5年前、咲が働いていた病院で、交通事故で入院してきた彼、松本直(すなお)に出会った。そのころまだ大学生だった彼は、咲が 検温にいくとふざけたり、冗談を言って病室のみんなを笑わせた。

 少年のように屈託のない直だったけれど、ときどき思いつめたように、沈んだ顔になるのを咲は知っていた。
 咲が準夜勤だったあの夜も、消灯後の病棟の薄暗い廊下の窓から、ひとり夜空を見上げている彼を見かけた。
 足音をしのばせて、後ろからそっと目隠しをする。

「だあれだ」

「その声は…。原田さん?」

「ぴんぽーん」

「あははは」

 しんとした病棟にふたりの笑い声が響いて、あわてて口元に人さし指をあてた咲。
 あのとき星を見ながら、直が言ったことを咲はいまも覚えている。

「原田さん、『星の王子さま』って知ってる?」

「サン=テグジュペリの童話?」

「おれさ、いまあの王子さまになった気分。美しいバラの棘に傷ついた少年ってとこかな…」

「どうしたの。いつもの元気ないゾ。だけど、松本くんって見かけによらず純粋なのね」

 からかうように言った咲に、直はまともな顔で返した。

「けど、純粋さの持つ脆さを知らないと、とり返しがつかなくなる…」

「え?」

「おれ、失恋したんだ…。つきあってた彼女にほかに好きなやつがいた。それで酔っぱらってバイクを暴走させた。その結果がこれさ」

 おどけるように笑って直は白い壁を松葉杖でコツコツとたたいた。
 
 咲は黙っていた。

 たった一本のバラのために、毒蛇に身をゆだねた王子さまのことを思う。
 それほどまでに大切なものが、咲にはなかった。

 純粋さの持つ脆さか…。

 咲は年下の直のまっすぐな若さがまぶしかった。
 心のなかで19歳のときの自分と重ねていた。白衣の天使目指して輝いていたあのころが、すっかり遠い日のことのように思えた。

 咲は疲れていた。

 憧れていたナースの仕事は想像していたよりも厳しかった。どんなに頑張ってみても、決められた仕事をこなすのが精いっぱいで、患者さんの心まで気遣うゆとりはなかった。

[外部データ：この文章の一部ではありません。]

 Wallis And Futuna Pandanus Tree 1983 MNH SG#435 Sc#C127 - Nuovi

 すがるような目で咲の手を握りしめ、なにかを訴えようとする患者さんがいる。
 そばにいてあげたいと思う。だけど時間がない。

「ごめんなさい。あとでね…」

 そう答えるたびに、咲の心は嵐のなかの木の葉のように揺れ動いた。
 少しずつ咲のなかで壊れていくものがあった。だけど、もっと強くならなければと、咲は思うのだ。

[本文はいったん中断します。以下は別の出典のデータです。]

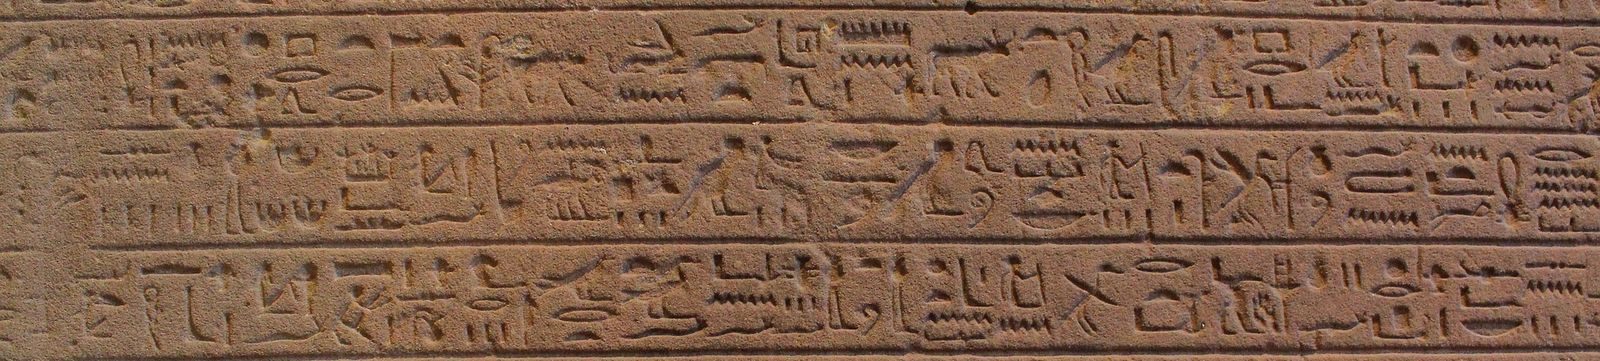 Koptské písmo

 咲をじっと見つめる直の視線に気づいた咲は、明るい声で言った。

「気にしない。気にしない。バラは一本だけじゃないわよ。元気だして」

* * * * 

 その晩、夢を見た。
 金色に輝く髪をした小さな男の子。薄緑色の宇宙服みたいなものを着て、首には金色のマフラーを巻いている。

 どこなんだろう…。

 咲の立っているところから見えるものは、風にゆれる野の花と、男の子の膝ぐらいまでしかない火山だけ。
 ぐるり見まわすと360度、地平線のむこうに、無数の星がきらめいていた。
 咲がきょろきょろしていると、男の子が話しかけてきた。

「ねえ、ぼくの大切なバラを知らない?」

 大切なバラって…。もしかしてこの子は…。
 咲は少女のように胸がときめいた。

「あなた…もしかして星の王子さまじゃ…」

 男の子は鈴をふるように笑った。

「咲。ぼくだよ」

「?」

 男の子をじっと見ていた咲は、目をまるくした。

「松本くん…?」

 小さな宇宙のような男の子の瞳は、あの松本直にそっくりだった。

* * * *


 次の朝、病棟の廊下で直とすれ違った。

「きのう原田さんの夢見たよ」

 どきんとした。

「へんな夢じゃないでしょうね」

 いたずらっぽくにらんだ咲に、直は意味ありげにウィンクした。

「退院するときに話すよ」

 3カ月がたって、ギブスのとれた右足をかばいながら、直は退院していった。
 玄関まで見送りに出た咲に、直は夢の話をした。
 彼の見た夢は咲の夢と同じだった。

 直は、はっきりとした声で咲に言った。

「おれはきみに会うためにここに来たのかもしれない。人生に偶然はないって言うだろ」

 それがきっかけで直とつきあうようになり、直の就職が決まった年に結婚することになった。
 仕事は思いきってやめることにした。

 さんざん迷っていたときに、直にそのことを話したことがある。

「ほんとは続けていく自信がないの。厳しい現実にめげずにちゃんとやってる人もいるのに、わたしったらだめね。もっと強くならなければ…」

 しばらく考えてから直が言った。

「弱くたっていいさ。がんばって強くなろうなんて思うなよ。っていうか、だれにとっても正しい生き方なんてないんじゃないのかな。咲も自分に合った生き方を選びなよ」

 直の言葉に咲の迷いは消えた。
 はじめての背広姿に照れ笑いを浮かべる直が、なんだか頼もしく見えた。
「直は変わった」と咲は思う。

 あぶなっかしいだけの純粋さが昇華されたみたいに、いまの彼にはしなやかな強さがある。自分の弱さを受け入れることは、もうひとつの強さなのかもしれない。

 それはありのままの自分を愛すること…。

 そしていま。咲は直とのささやかな暮らしを大切に思う。
 これからも、ふたりの庭に咲いたバラを、雨が降っても風が吹いても守っていくつもり。

 来年の春、小さなバラがもう一本ふえる予定だ。

 そのことを直はまだ知らない…。